Бесчисленное множество раз шепчу я эти слова. И мне хочется сдержать эту ночь, мне так хорошо и так ясно во мне, я так непомерно влюблен в эту жизнь, мне хочется все замедлить, долго откусывать обожание каждой секунды, но уж ничто не останавливается, и вся эта ночь неудержимо и быстро уходит.
Сквозь щели портьер я вижу рассвет. Под глазами и в скулах пустота и тяжесть. Все как-то грузно останавливается вокруг меня и во мне. В носу все жадно раскрыто, тоскующе пусто до самого горла, и дыхание больно царапает — не то воздух слишком жесток, не то внутренность носа стала слишком нежна. Я пытаюсь отогнать эту все тяжче наваливающуюся на меня тоску, я пытаюсь вернуть мои мысли, мои восторги и восторги бородатых слушателей, но в памяти моей возникает вся эта ночь, и мне делается так стыд
но, так срамно, что впервые правдиво и искренно я чувствую, что не хочу больше жить.

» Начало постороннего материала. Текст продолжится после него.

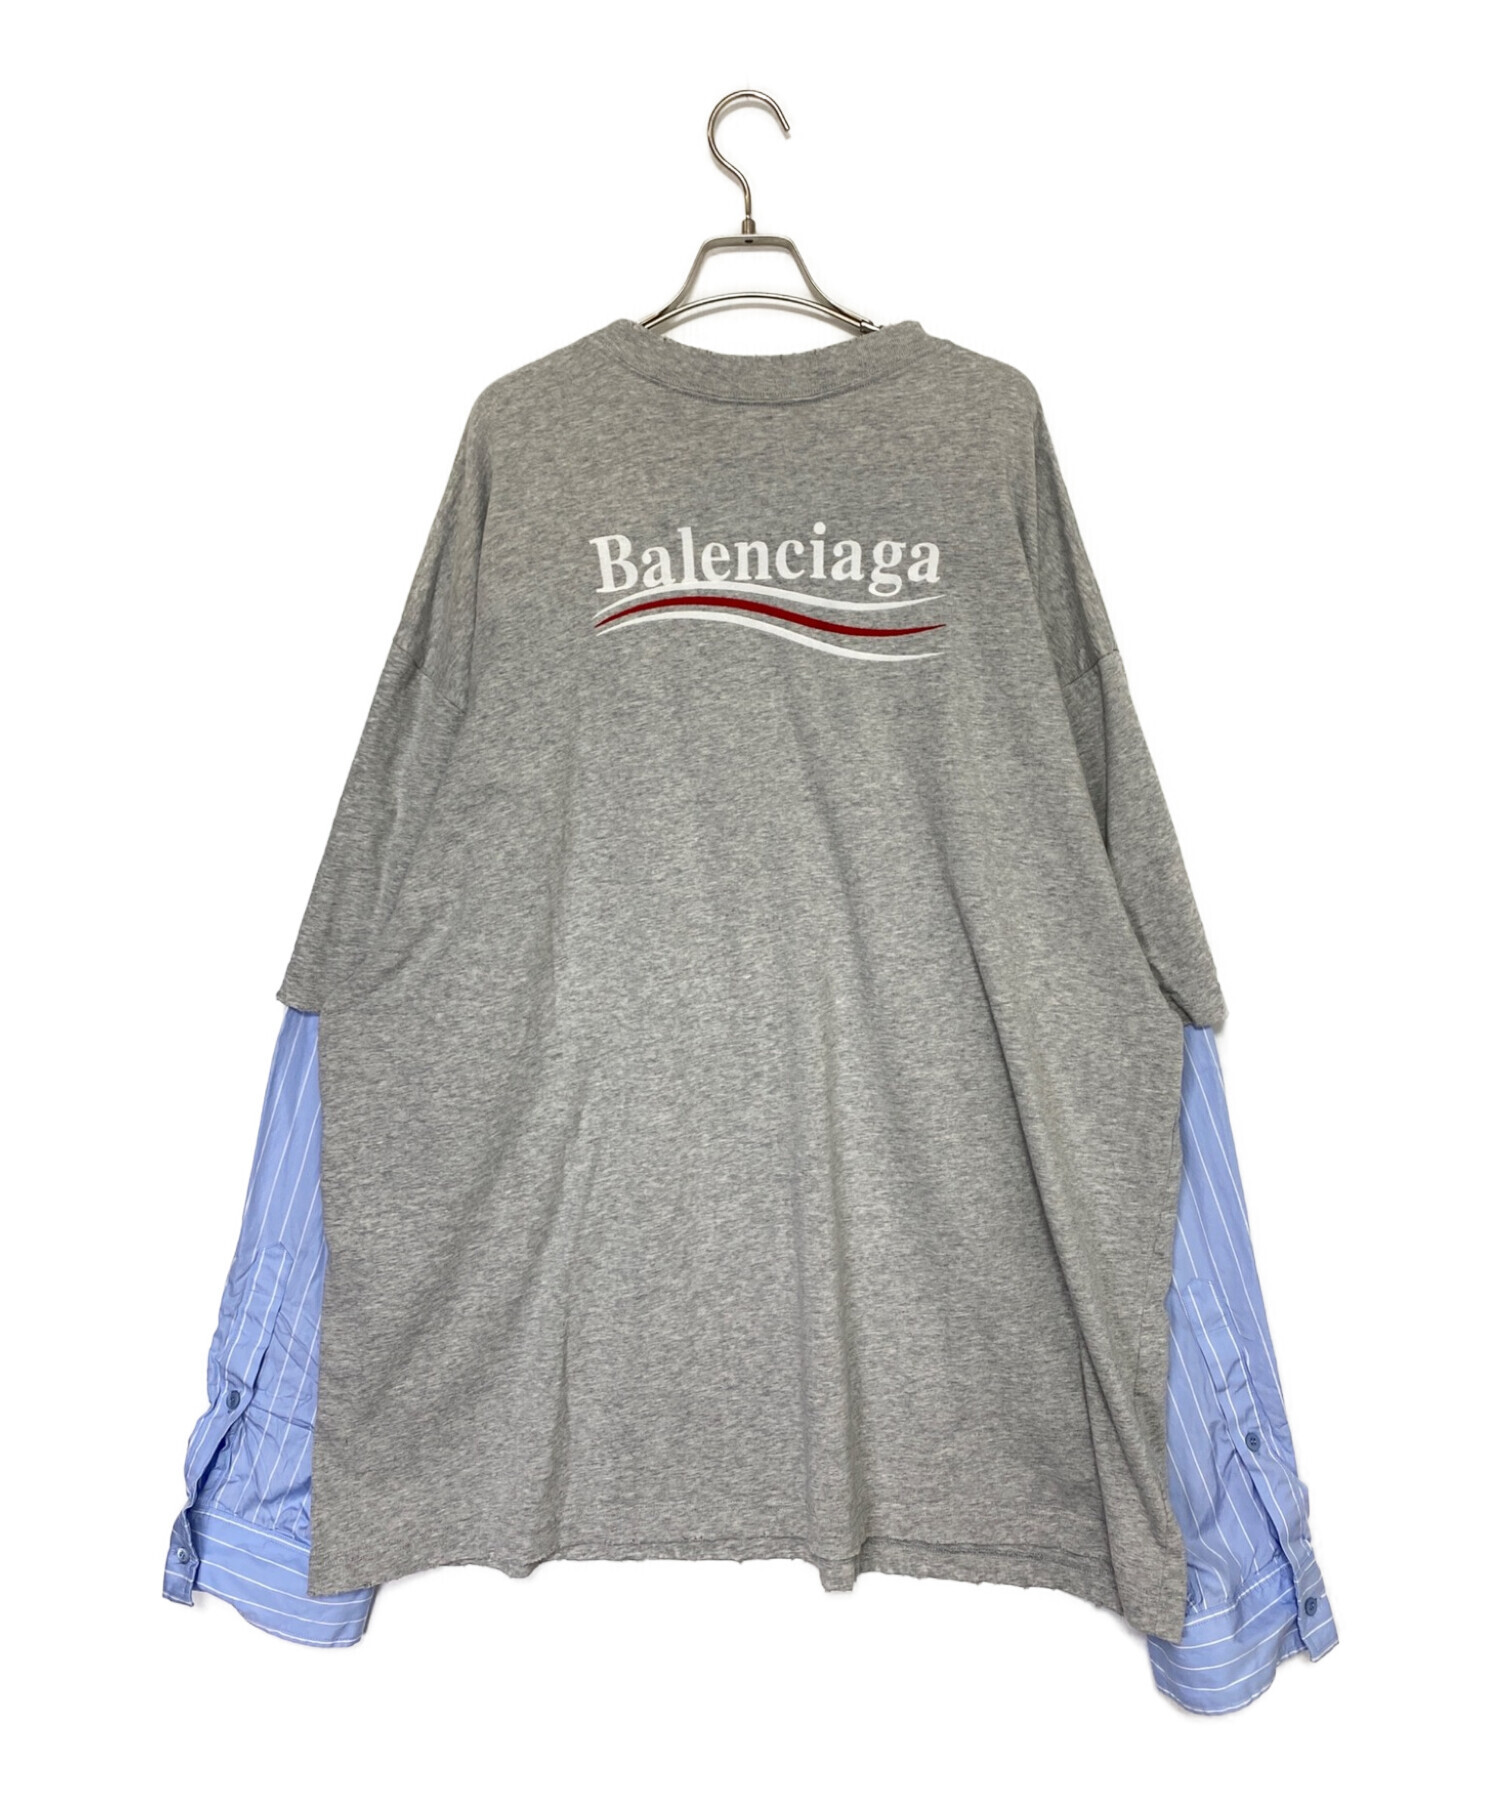 バレンシアガ  balenciaga  Tシャツ  XL  グレー
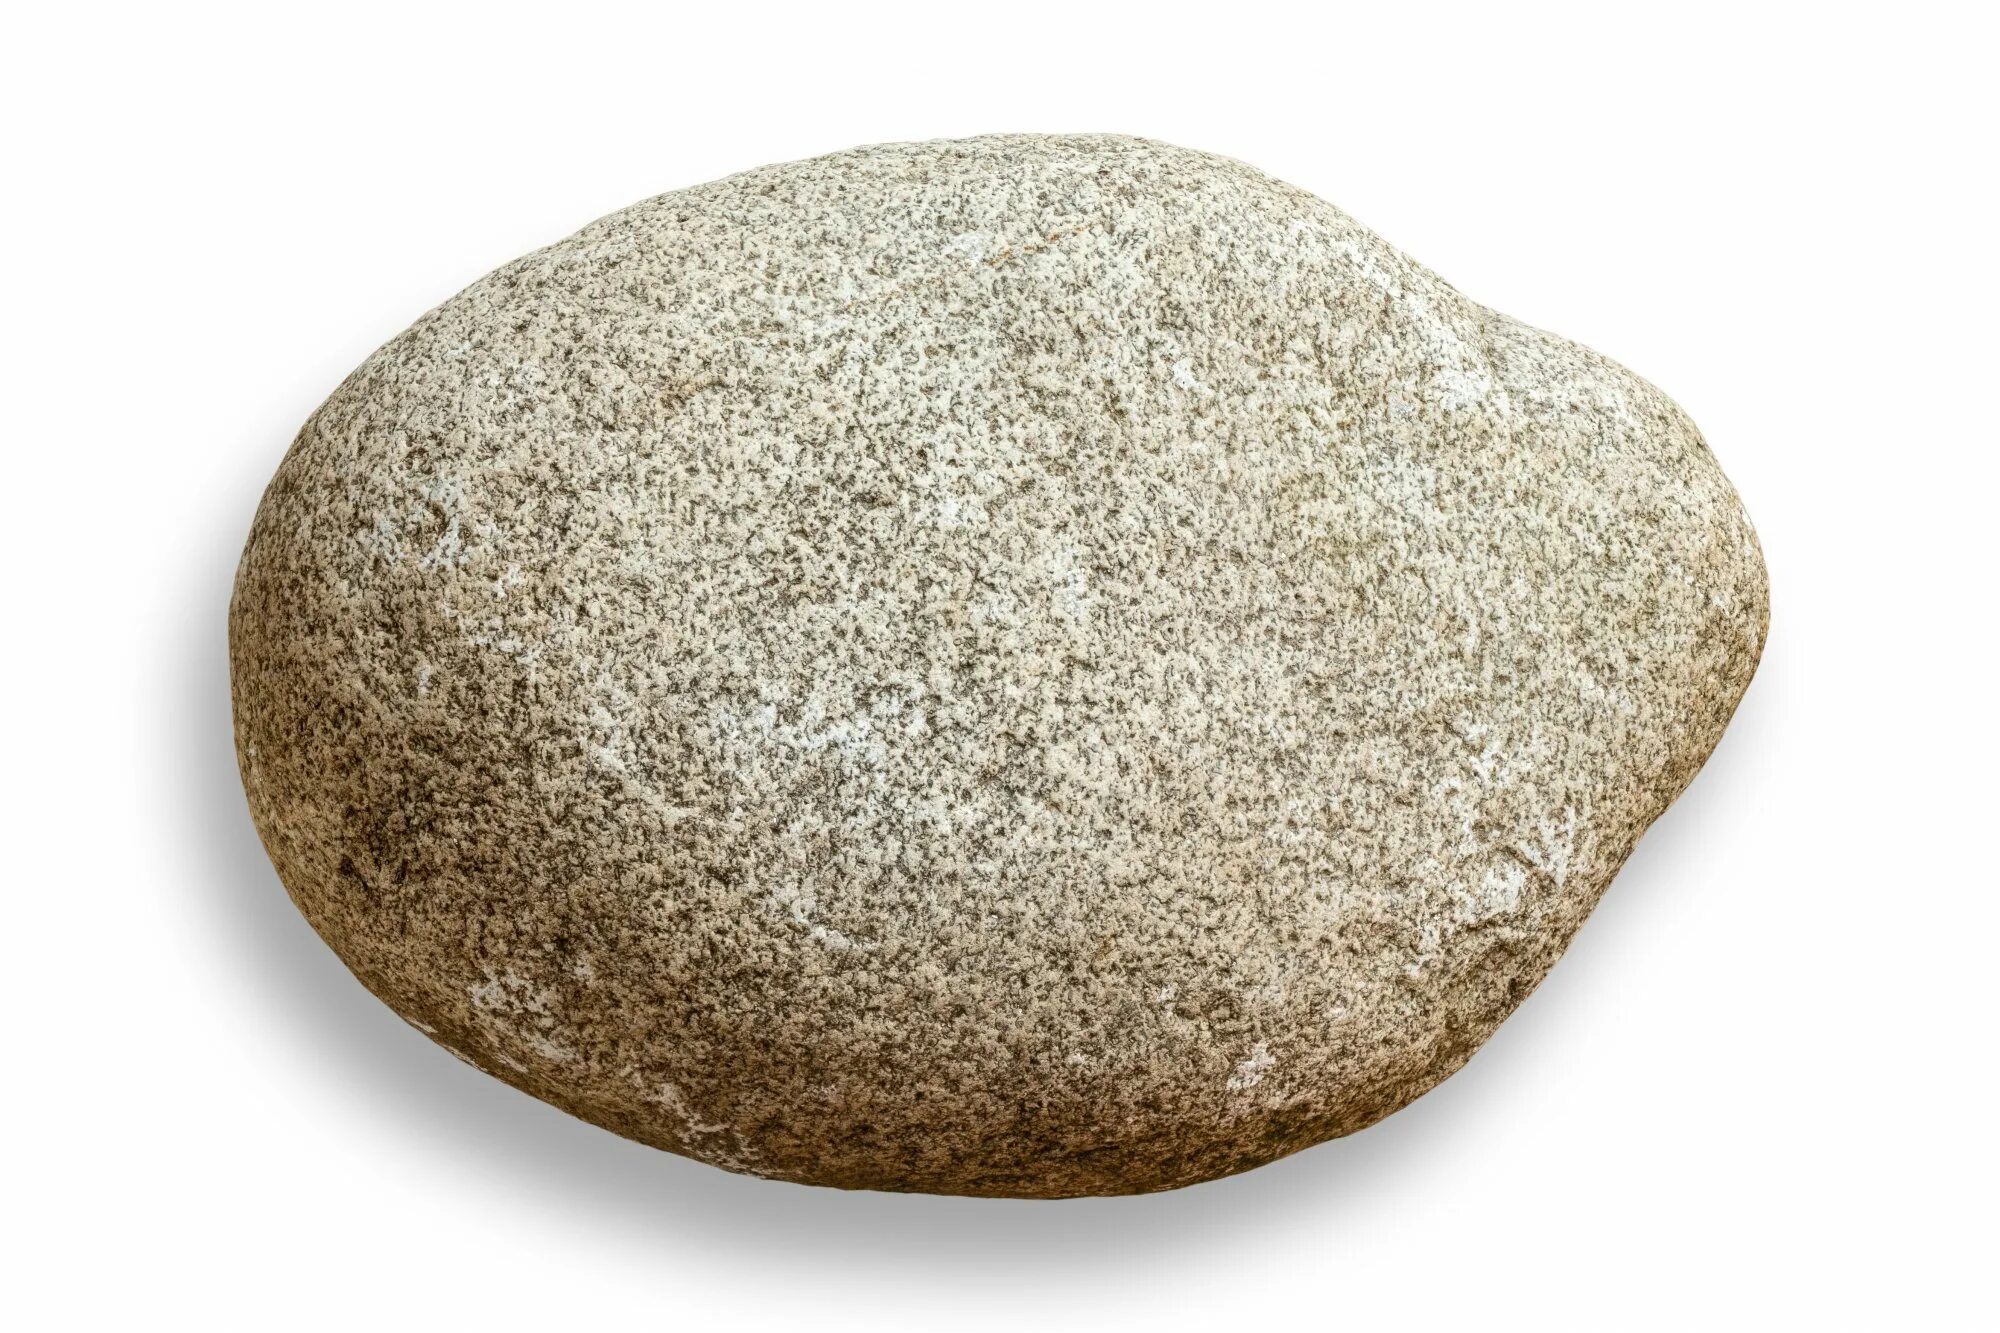 Булыжник на белом фоне. Камень для детей. Круглый плоский камень. Камень булыжник.

На столе, где разбросаны игральные карты, я начинаю искать пакет с кокаином. Все карты лежат рубашками вверх. Осторожно я раздвигаю их, опрокидываю одну, начинаю разбрасывать, наконец, бессмысленно рвать, от отсутствия кокаина испытывая все больший ужас от этой страшной тоски. Но кокаина, конечно, нет. Его унесли Мик и Зандер. В комнате никого нет. Я не сажусь, я падаю на диван. Пригнутый я страшно дышу, — вдыхая, поднимаюсь, выдыхая опадаю, словно этим вонзающимся столбом воздуха могу остудить огонь отчаяния. И только хитрый бесенок в дальнем и глубоком тайничке моего сознания, тот самый, который продолжает светить и не тухнет даже при самом страшном урагане чувств — только этот хитрый бесенок говорит мне о том, что надо смириться, что не надо думать о кокаине, что думая о нем и в особенности о возможности его наличия здесь в комнате, я еще только больше раздразниваю, только еще ужаснее мучаю себя.
В страшной, в никогда еще небывалой тоске, я закрываю глаза. И медленно и плавно комната начинает поворачиваться и падать одним углом. Угол опускается глубже, проползает подо мной, лезет подо мной, лезет позади меня вверх, появляется надо мной и снова, но уже стремительно падает. Я раскрываю глаза, комната вонзается на место, сохранив свое кружение в моей голове. Шея не держит, голова моя обваливается на грудь, повертывает комнату вверх ногами. — Что они сделали, что они сделали со мной, — шепчу я и потом, бессмысленно помолчав, еще говорю: — что ж, я пропал. Но уже хитрый бесенок, тот самый, который — (если только к нему
прислушаться) — даже самые радостные чувства отравляет сомнением, — а самое ужасное отчаяние облегчает надеждой, — этот хитрый, ни во что не верящий бесенок мне говорил: — все твои слова это театр, все это только театр; пропасть ты не пропал, а ежели тебе худо, так одевайся и иди на воздух; здесь тебе сидеть нечего.